Whether you bake the behaviour in or wrap it in an external loop, you need to train/tune the expected behaviour. Generic models can do chain of thought if asked for, but will be worse than the specialised one.
Beam search just traverses different paths and assigns each path a probability of being correct. The paths with the higher probabilities are kept and the ones with lower probabilities are pruned until the search terminates with an "answer". The marketing department calls it "reasoning" and "test-time compute" because the average consumer does not care whether it's beam search or something else.
Your link seems to do a good job of explaining beam search but it's a classic algorithm in state space exploration so most books on search algorithms and discrete optimization will have a section about it.¹
An algorithm that searches for the highest probability answer is not "reasoning"? "Search" has been a fundamental building block of GOFAI since the beginning. How do you define reasoning? Can you justify it being different from the last 70 years of thought on the topic?
Since you asked, I define reasoning as cambridge does:
Reasoning
"the process of thinking about something in order to make a decision"
Thinking:
"the activity of using your mind to consider something"
Mind:
"the part of a person that makes it possible for him or her to think, feel emotions, and understand things"
I conclude that "An algorithm that searches for the highest probability answer" is not described by "reasoning"
I also think that the definition of Mind of Cambridge is incomplete and lacks the creativity part along with cognition and emotions. But it's a vastly different topic.
>I conclude that "An algorithm that searches for the highest probability answer" is not described by "reasoning"
I recall reading about a theory of neurology where many thoughts (neural circuits) fired simultaneously and then one would "win" and the others got suppressed. The closest thing I can find right now is Global Workspace Theory.
The Chinese Room is a theoretical room that contains a “Chinese speaker” but actually when given a text to ‘understand’ actually just looks up the text in a huge number of words inside until it finds a way to find a response and then just outputs the response as its reply
I looked into it, this "beam search" is nothing but a bit of puffed up nomenclature, not unlike the shock and awe of understanding a language such as Java that introduces synonyms for common terms for no apparent reason, not unlike the intimidating name of "bonferroni multiple test correction" which is just a (1/n) divison operation.
"Beam search" is breadth-first search. Instead of taking all the child nodes at a layer, it takes the top <n> according to some heuristic. But "top n" wasn't enough for whoever cooked up that trivial algorithm, so instead it's "beam width". It probably has more complexities in AI where that particular heuristic becomes more mathematical and complex, as heuristics tend to do.

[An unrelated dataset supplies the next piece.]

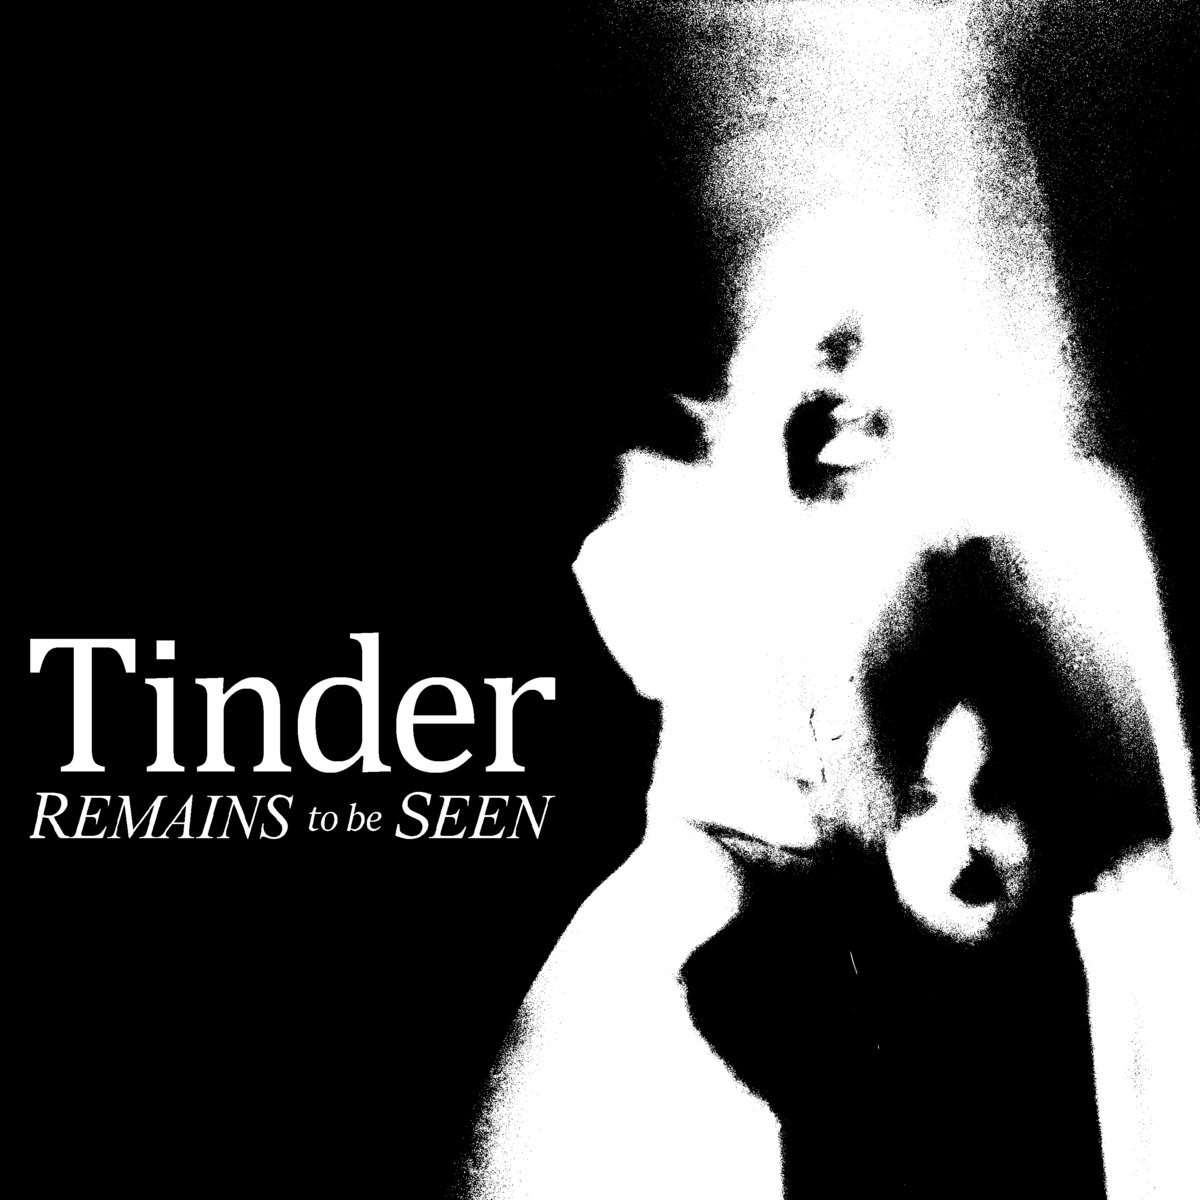 tinder seen

The known upper bound for transformers on the fly computation abilities is a complexity class called DLOGTIME-uniform TC^0.
There is a lot to unpack there but if you take FO as being closed under conjunction (∧), negation (¬) and universal quantification (∀); you will find that DLOGTIME-uniform TC^0 is equal to FO+Majority Gates.

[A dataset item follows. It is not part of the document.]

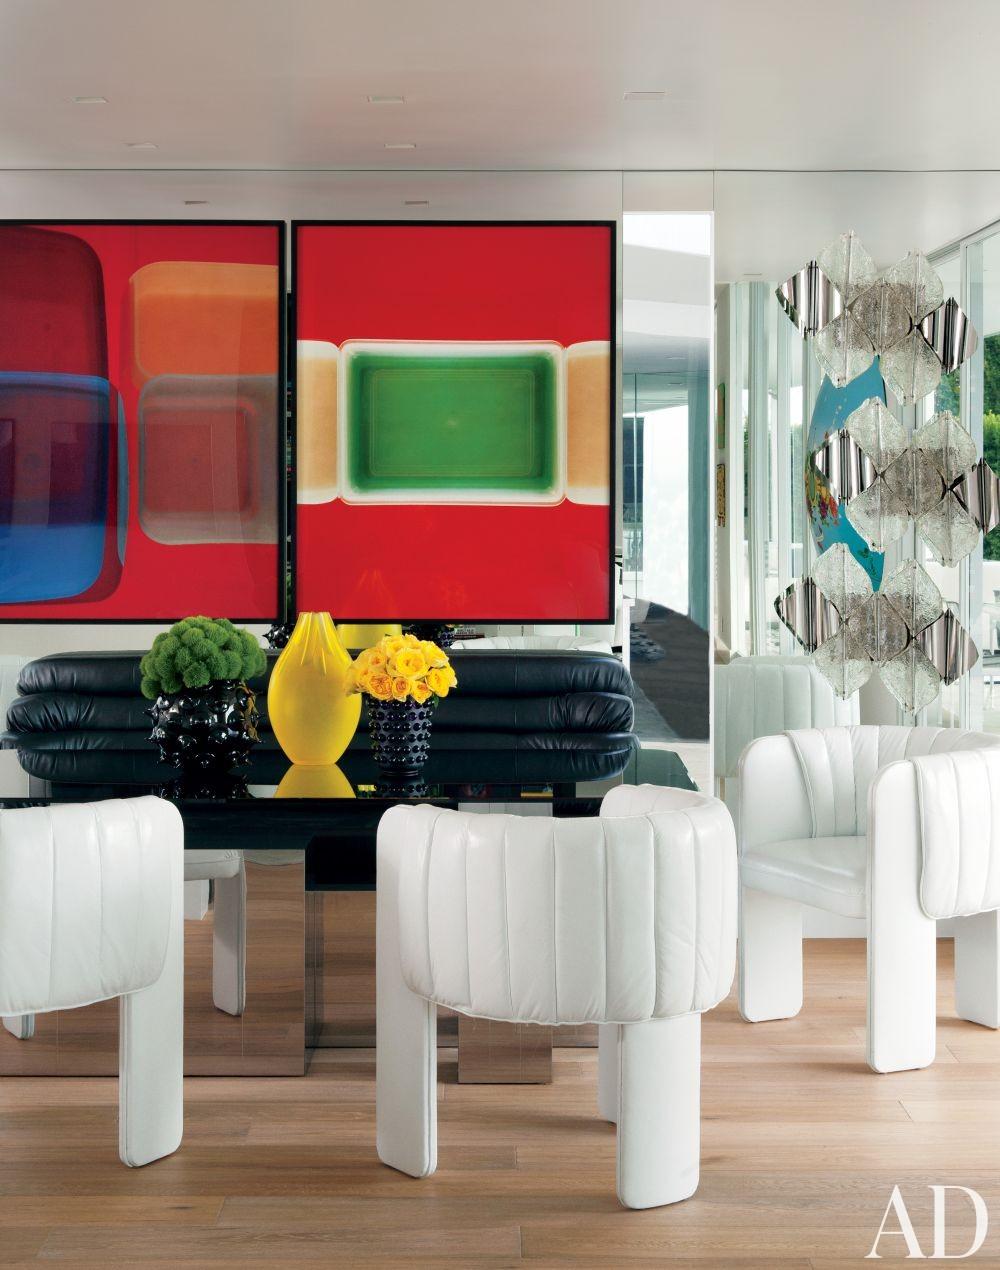 Contemporary Dining Room by Martyn Lawrence Bullard Design in Los Angeles, California

So be careful about that distinction.
To help break the above down:
DLOGTIME = Constructible by a RAM or TM in logarithmic time.

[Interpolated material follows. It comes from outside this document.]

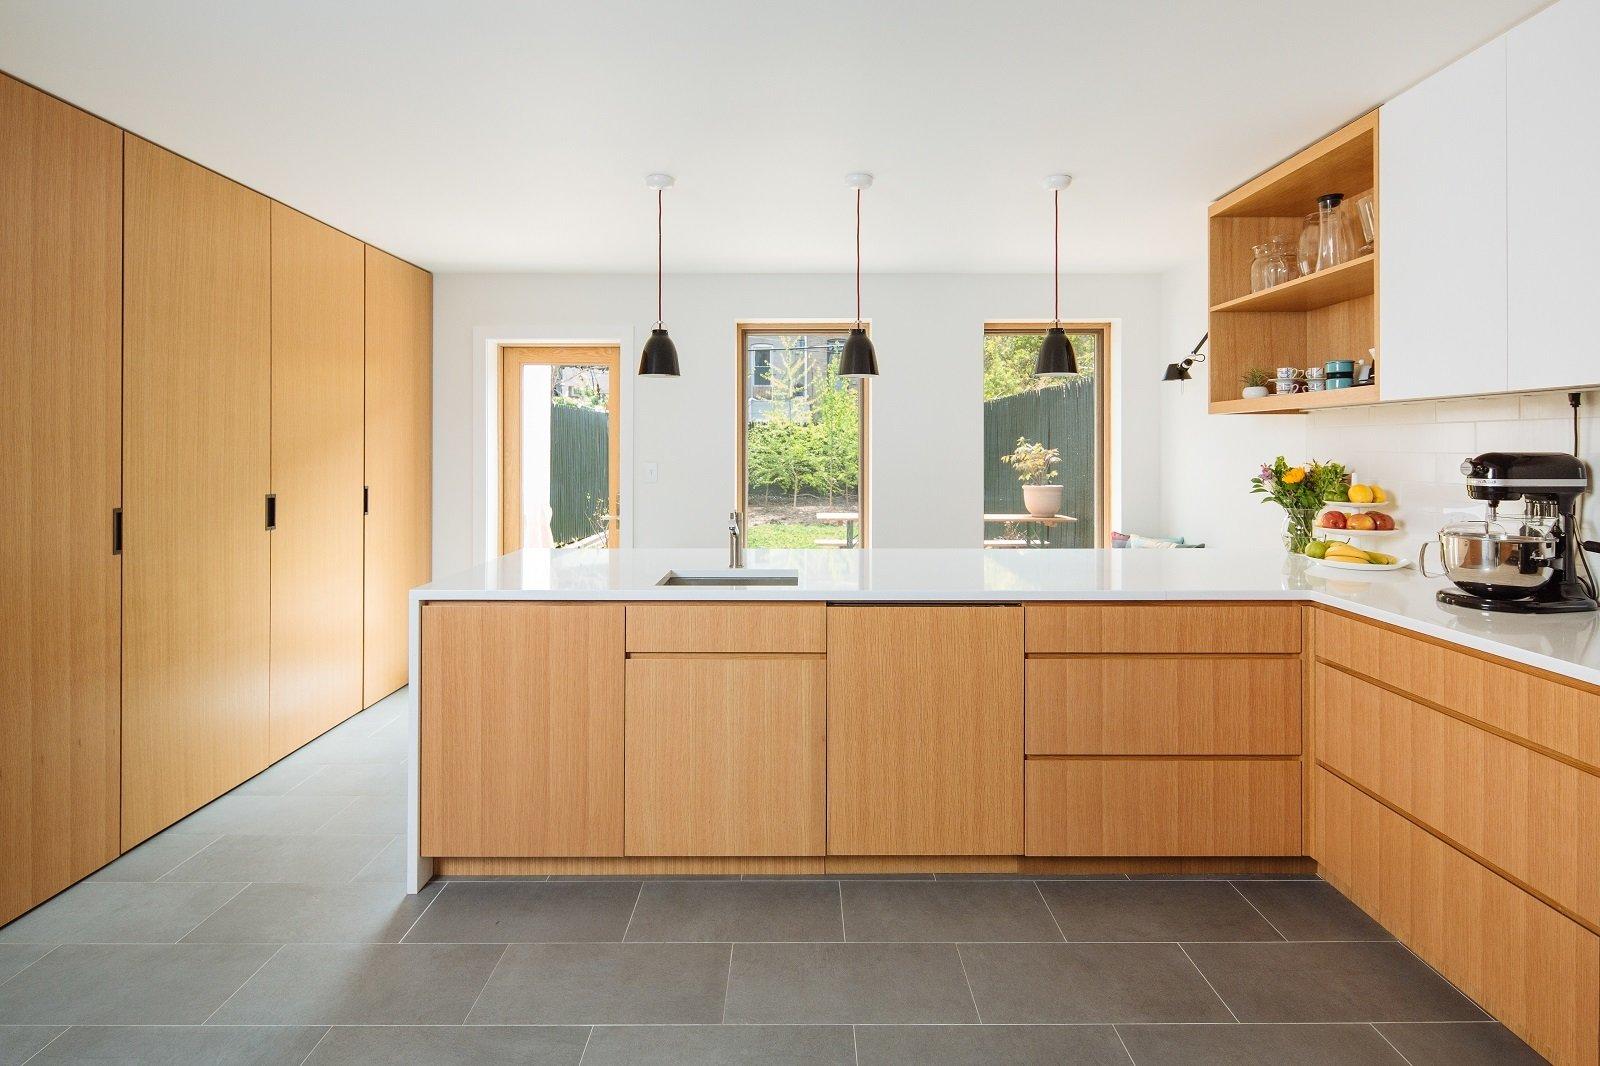 Custom white oak cabinetry provides a clean interior

uniform = Only one circuit for all input sizes, when circuits families are the default convention
TC^0: Constant-Depth Threshold Circuits
Even NP == SO-E, the second-order queries where the second-order quantifiers are only existantials.
DLOGTIME-uniform TC^0 is a WAY smaller group than most people realize, but anything that is an algorithm or a program basically is logic, with P being FO + transitive closure or a half a dozen other known mappings.
Transformers can figure out syntax, but if you dig into that dlogtime part, you will see that semantic correctness isn't really an option...thus the need to leverage the pattern matching and finding of pre-training as much as possible.
Thanks. If I'm reading this right, the limiting factor on the intelligence of current LLMs is not the network size, nor training data (size/quality) but rather the architecture? Do we know of a better one for complex computations / "reasoning"?
Isn't it a LLM with an algo wrapper?